§ What is required
Exactly the lines below from the one with "- Socket requires" up to and including the one with "- Weight : 2 kg." make up the answer, with nothing else added.

§ Data provided
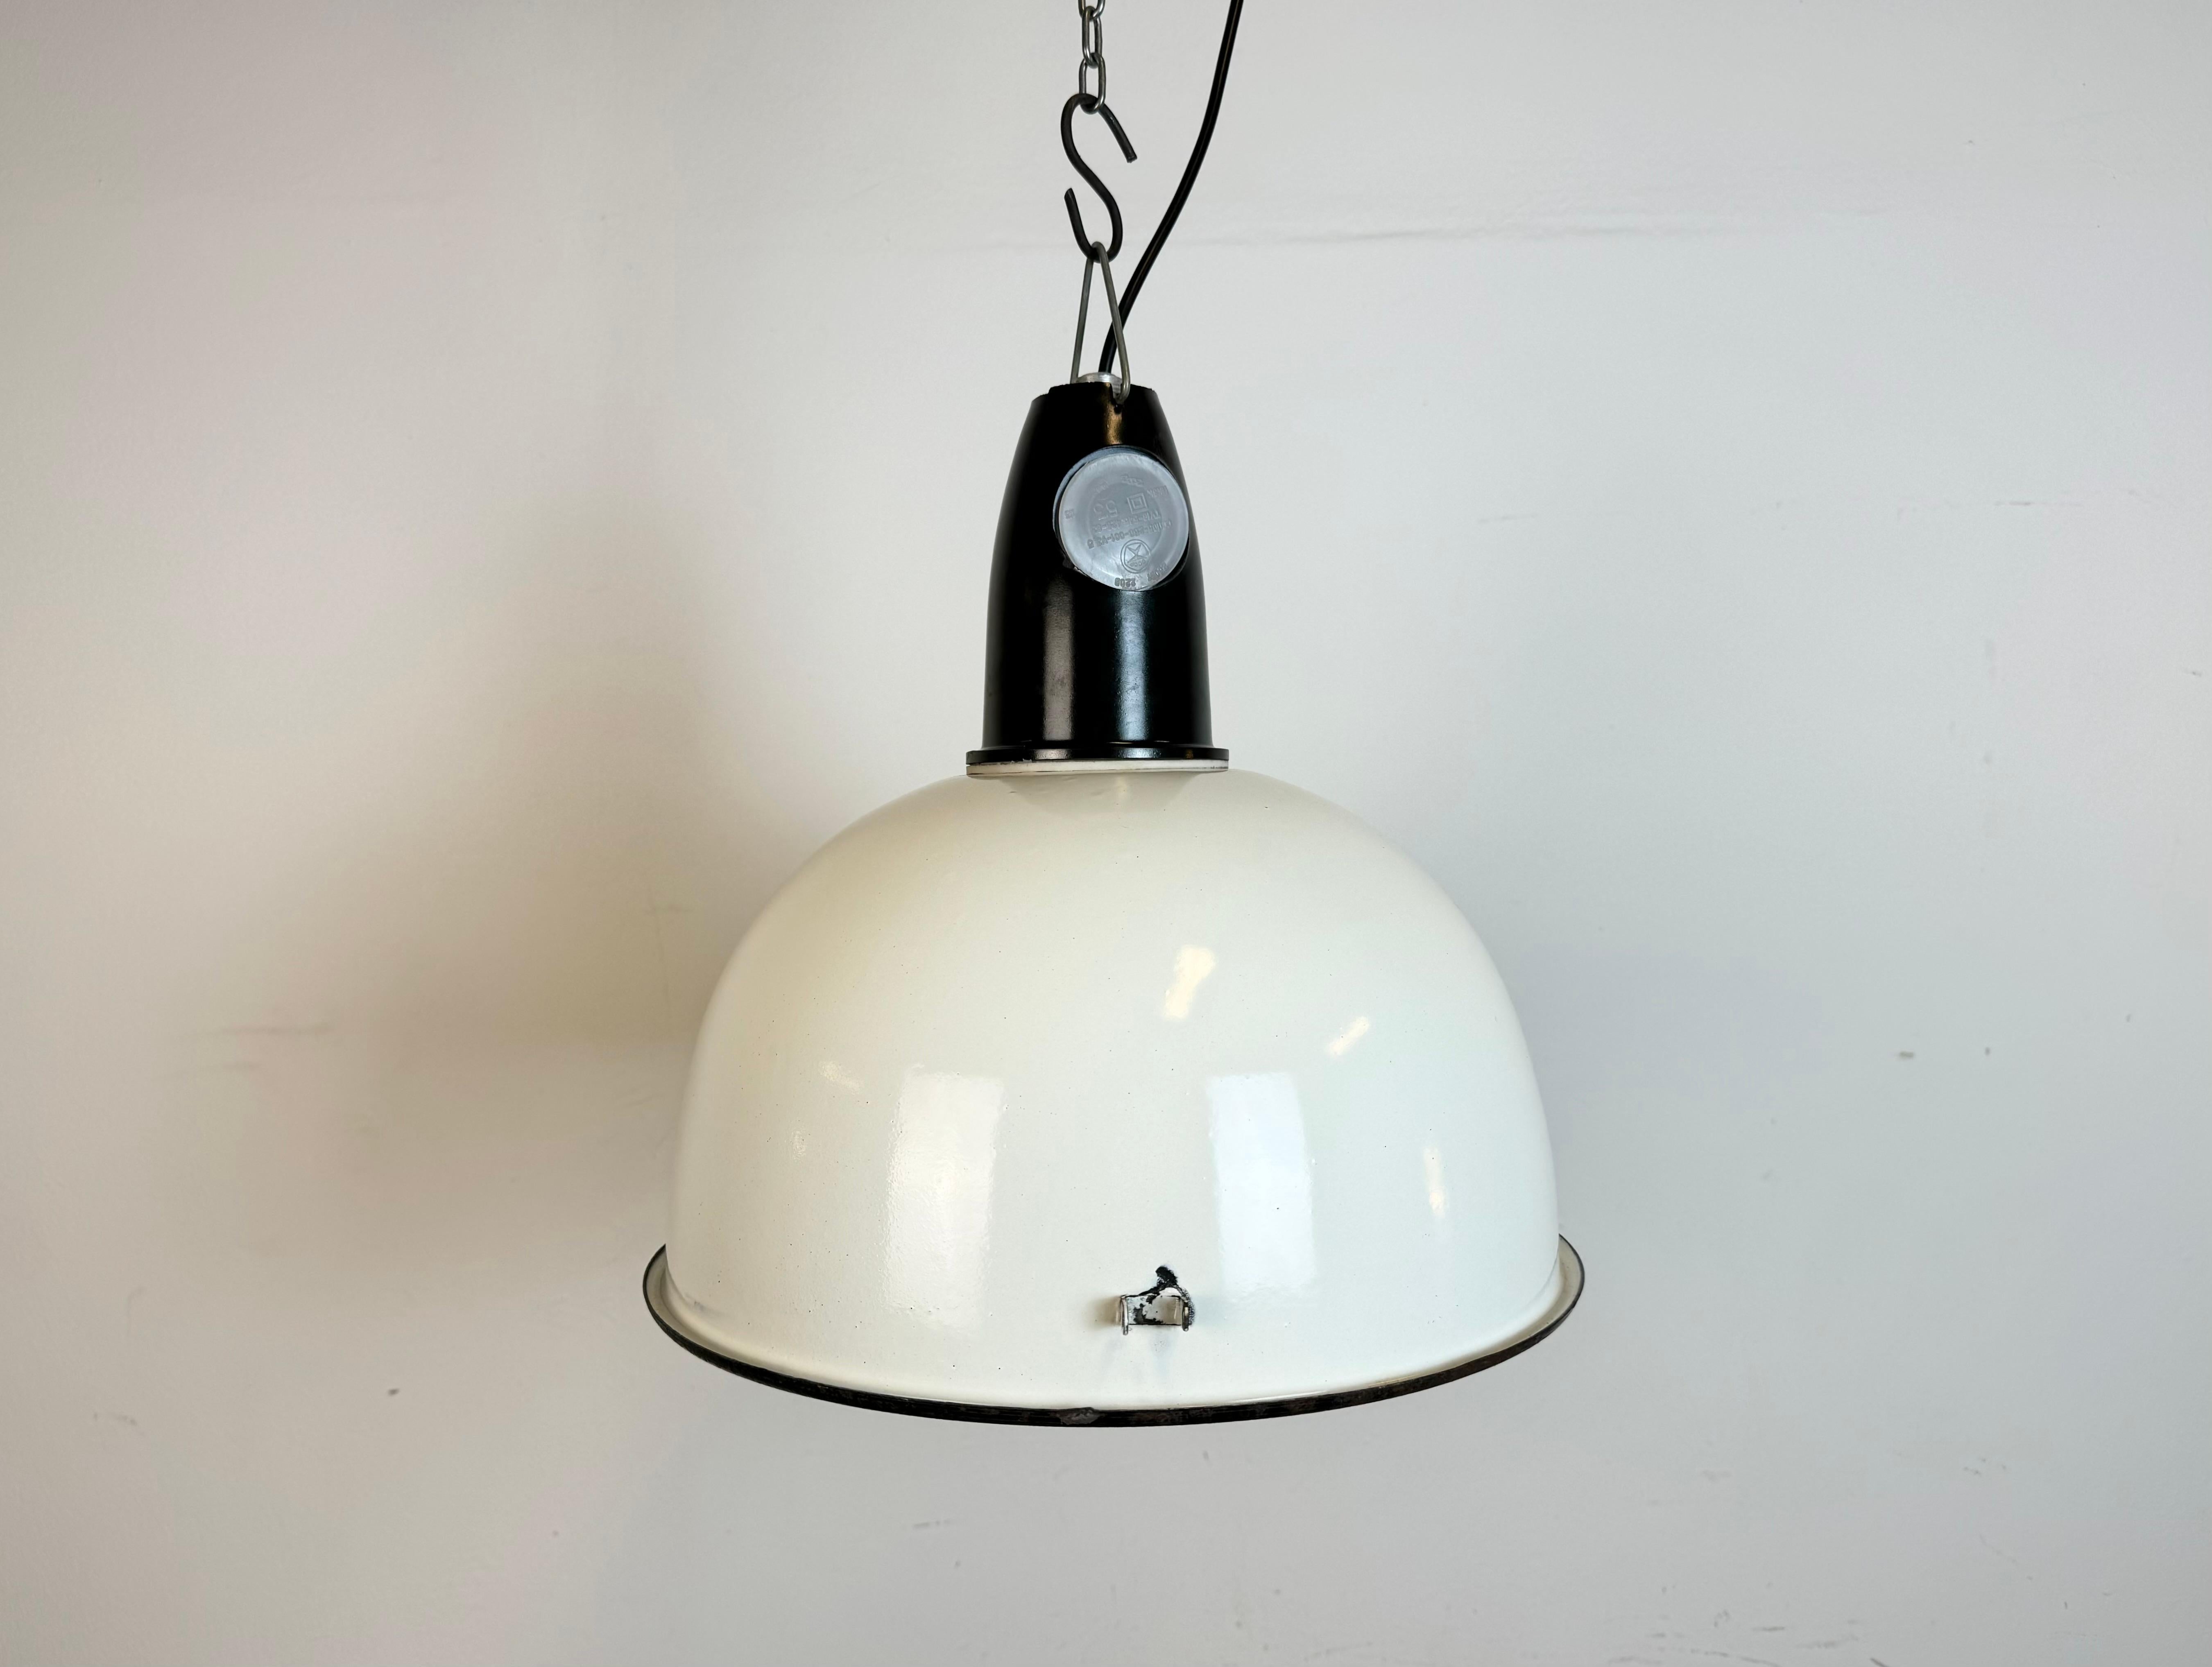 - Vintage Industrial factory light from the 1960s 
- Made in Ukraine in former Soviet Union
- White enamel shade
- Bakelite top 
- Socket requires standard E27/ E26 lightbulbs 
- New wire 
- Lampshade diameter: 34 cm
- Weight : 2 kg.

==

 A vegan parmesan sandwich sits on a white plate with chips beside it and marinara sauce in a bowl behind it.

§ Solution to the exercise
- Socket requires standard E27/ E26 lightbulbs 
- New wire 
- Lampshade diameter: 34 cm
- Weight : 2 kg.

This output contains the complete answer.